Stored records
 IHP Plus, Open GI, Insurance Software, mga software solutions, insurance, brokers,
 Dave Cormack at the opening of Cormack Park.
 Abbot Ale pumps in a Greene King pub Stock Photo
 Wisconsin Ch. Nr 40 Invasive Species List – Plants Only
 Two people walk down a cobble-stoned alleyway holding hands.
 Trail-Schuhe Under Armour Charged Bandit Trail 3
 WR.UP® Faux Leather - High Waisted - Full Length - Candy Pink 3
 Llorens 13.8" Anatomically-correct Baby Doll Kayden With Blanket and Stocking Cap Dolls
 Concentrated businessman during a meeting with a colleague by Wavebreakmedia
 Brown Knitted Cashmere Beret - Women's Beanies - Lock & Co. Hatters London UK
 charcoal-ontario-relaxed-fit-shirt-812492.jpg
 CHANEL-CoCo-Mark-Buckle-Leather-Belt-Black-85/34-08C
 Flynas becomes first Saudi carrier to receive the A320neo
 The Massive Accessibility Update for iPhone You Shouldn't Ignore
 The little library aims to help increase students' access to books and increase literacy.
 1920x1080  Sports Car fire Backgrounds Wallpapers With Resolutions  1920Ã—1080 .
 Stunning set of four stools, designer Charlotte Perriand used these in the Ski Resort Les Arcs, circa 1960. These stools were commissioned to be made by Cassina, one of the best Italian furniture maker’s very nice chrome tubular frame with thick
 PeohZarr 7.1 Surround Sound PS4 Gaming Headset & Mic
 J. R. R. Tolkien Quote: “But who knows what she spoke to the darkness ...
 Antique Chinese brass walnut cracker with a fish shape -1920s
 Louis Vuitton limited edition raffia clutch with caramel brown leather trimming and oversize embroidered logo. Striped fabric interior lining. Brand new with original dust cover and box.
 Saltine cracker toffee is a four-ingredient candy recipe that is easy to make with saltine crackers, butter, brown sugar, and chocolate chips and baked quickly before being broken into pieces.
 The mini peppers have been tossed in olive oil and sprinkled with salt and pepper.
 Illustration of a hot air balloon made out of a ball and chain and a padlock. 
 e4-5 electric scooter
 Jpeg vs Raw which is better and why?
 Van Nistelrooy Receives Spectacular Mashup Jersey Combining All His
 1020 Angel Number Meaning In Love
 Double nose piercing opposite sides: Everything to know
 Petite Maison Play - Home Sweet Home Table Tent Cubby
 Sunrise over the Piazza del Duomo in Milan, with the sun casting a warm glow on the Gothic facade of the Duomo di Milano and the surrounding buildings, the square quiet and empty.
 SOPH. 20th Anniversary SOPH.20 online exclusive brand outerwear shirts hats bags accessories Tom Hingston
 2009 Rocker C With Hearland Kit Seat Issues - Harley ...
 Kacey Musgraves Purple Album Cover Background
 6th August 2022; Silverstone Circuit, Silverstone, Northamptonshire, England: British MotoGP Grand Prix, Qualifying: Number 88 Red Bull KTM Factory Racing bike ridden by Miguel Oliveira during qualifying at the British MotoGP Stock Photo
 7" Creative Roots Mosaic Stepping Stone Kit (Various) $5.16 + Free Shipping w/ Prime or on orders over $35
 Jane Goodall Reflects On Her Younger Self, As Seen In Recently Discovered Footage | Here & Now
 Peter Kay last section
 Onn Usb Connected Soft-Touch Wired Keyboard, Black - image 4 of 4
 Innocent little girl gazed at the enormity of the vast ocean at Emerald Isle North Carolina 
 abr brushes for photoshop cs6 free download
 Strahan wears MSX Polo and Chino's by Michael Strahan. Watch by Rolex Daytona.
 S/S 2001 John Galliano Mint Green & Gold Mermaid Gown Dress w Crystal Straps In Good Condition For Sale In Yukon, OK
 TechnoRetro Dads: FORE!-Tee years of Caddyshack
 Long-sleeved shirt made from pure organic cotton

Problem requirements:
Looking at the records above, how many lines include "Black"? Please give the number and nothing more.

Exercise response:
2